Specific Aim 1: Determine feasibility of a 12-week home and telephone based intervention in older adults with mild cognitive impairment targeting both the impaired individual and their study partner to help initiate and maintain behavior change. We will recruit KUADC registry participants with MCI and their caregivers (as study partners). Behavioral interventions are more effective when there is built in social support. We will evaluate feasibility in terms of successful recruitment and retention of participants, 10% or less of technological failures, rate of participant concerns addressed by phone and at home visits, acceptability of the intervention to participants (measured by questionnaires during home visits). Specific Aim 2: Determine whether a 12-week home and telephone based intervention results in reduced total sitting time and shorter bouts of sitting in older adults with MCI and their caregivers. Electronic postural monitors will record sitting time for a duration of one week at three time points (pre-intervention, mid-intervention, and post-intervention).
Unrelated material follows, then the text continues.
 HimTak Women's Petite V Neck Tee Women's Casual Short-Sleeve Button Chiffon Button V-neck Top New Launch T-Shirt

The intervention includes 1) feedback from baseline monitoring, 2) educational and goal setting session with the participants and research staff, 3) wrist worn monitors that alert wearers to sitting times \>30 minutes, 4) home and telephone visits to address physical, psychological, and home environment barriers to behavior change. Changes in sitting time and breaks from sitting will be compared between baseline, mid-intervention, and post-intervention measurement occasions. Specific Aim 3: Determine whether sedentary behavior intervention results in improved insulin sensitivity and glycemic control. To evaluate whether reduced sitting results in meaningful metabolic changes, we will measure postprandial insulin and glucose, and body composition, and evaluate changes from pre- to post- intervention adjusting for relevant covariates.
Study Type
INTERVENTIONAL
Allocation
RANDOMIZED
Purpose
PREVENTION
Masking
NONE
Enrollment
6
Jawbone Up is a wrist wore water resistant activity monitor.
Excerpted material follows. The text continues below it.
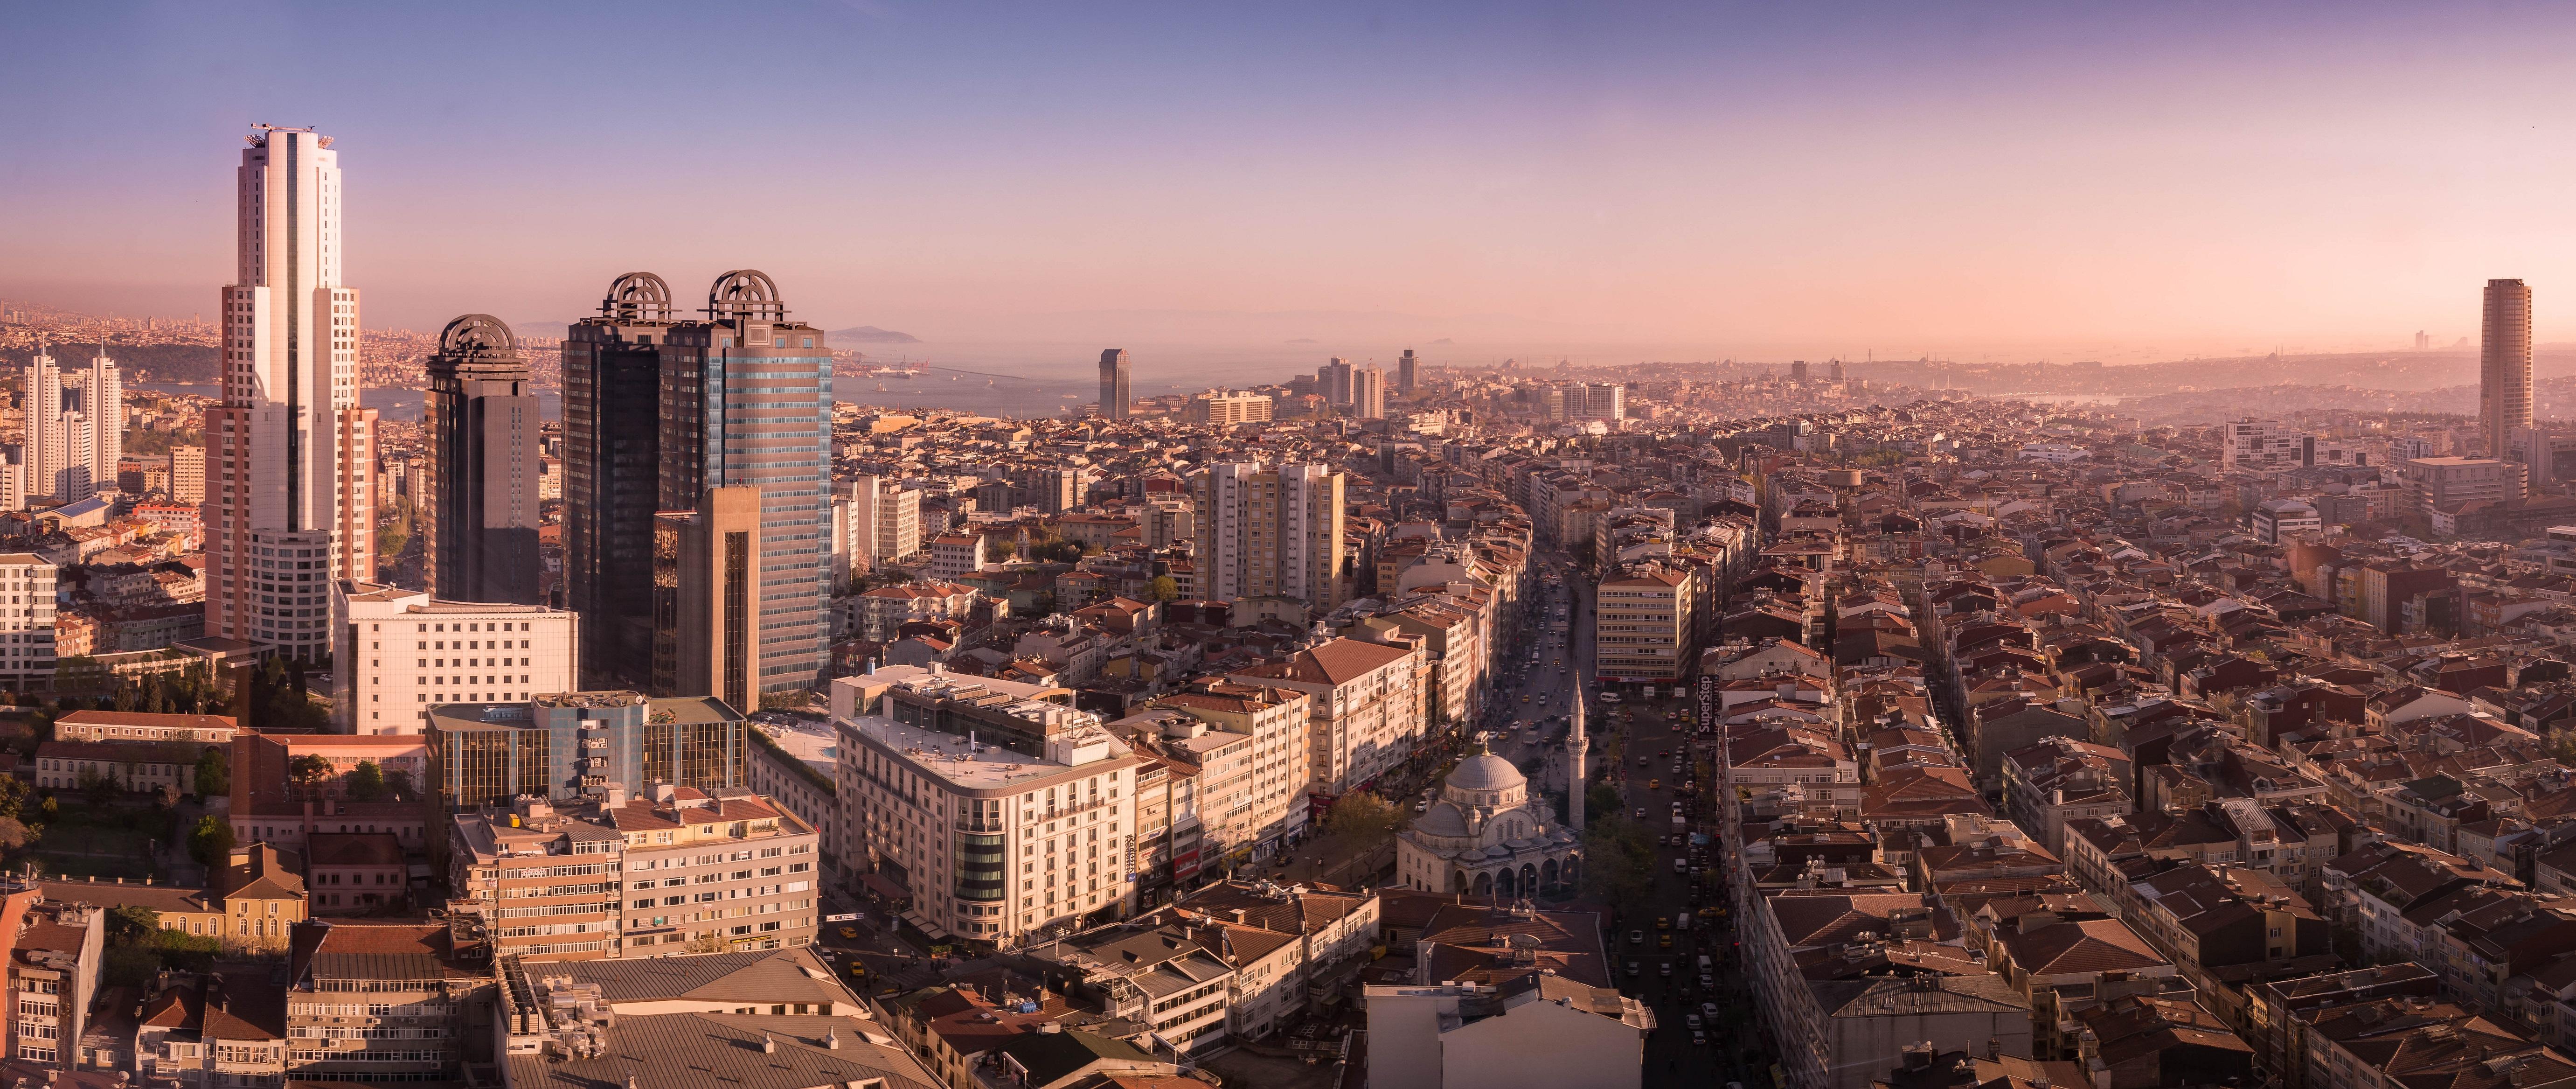 Istanbul Turkey 4k Ultra Fondo De Pantalla Hd Fondo De

A study team member will discuss benefits of changing sitting habits and ways to make changes to personal habits.
Devices measures postural changes over time. Participants will wear device for 7 days. The device measures time sitting, standing, and posture changes (i.e. sit-to-stand).
University of Kansas Medical Center
Kansas City, Kansas, United States
Change in Average Daily Sitting Time
Average daily sitting time (minus sleep) at 6 weeks minus average daily sitting time (minus sleep) at baseline measured using the activPAL monitor
Time frame: Change from Baseline to Week 6
Change in Average Daily Sitting Time
Average daily sitting time (minus sleep) at 12 weeks minus average daily sitting time (minus sleep) at baseline measured using the ActivPAL monitor
Time frame: Change from Baseline to Week 12
Number of Sitting Bouts Greater Than 30 Min
Change in the number of sitting bouts greater than 30 min measured using the ActivPAL monitor
Time frame: Week 12
Change in Glucose Levels Area Under the Curve in Response to Mixed Meal Tolerance Test
The average area under the curve at week 12 minus the average area under the curve at baseline. Blood was collected at baseline (pre-mixed meal). Post-mixed meal it was collected at 15, 30, 45, 60, 90, 120 minutes. The Area Under the Curve (AUC) was computed using the trapezoidal rule as we have previously described (Burns et. al. 2012, Morris et al 2014). This results in a single AUC pre-intervention value, and a single AUC post-intervention value for each metabolic outcome measure (glucose, insulin, etc). The Area Under the Curve (AUC) for each individual is calculated as a single unitless value that results from calculating the definite integral under a timecourse curve. This method has been widely used and cited in metabolic studies for more than two decades https://doi.org/10.2337/diacare.17.2.152. This results in a single unitless AUC pre-intervention value, and a single AUC post-intervention value for each metabolic outcome response measure (glucose, insulin, etc).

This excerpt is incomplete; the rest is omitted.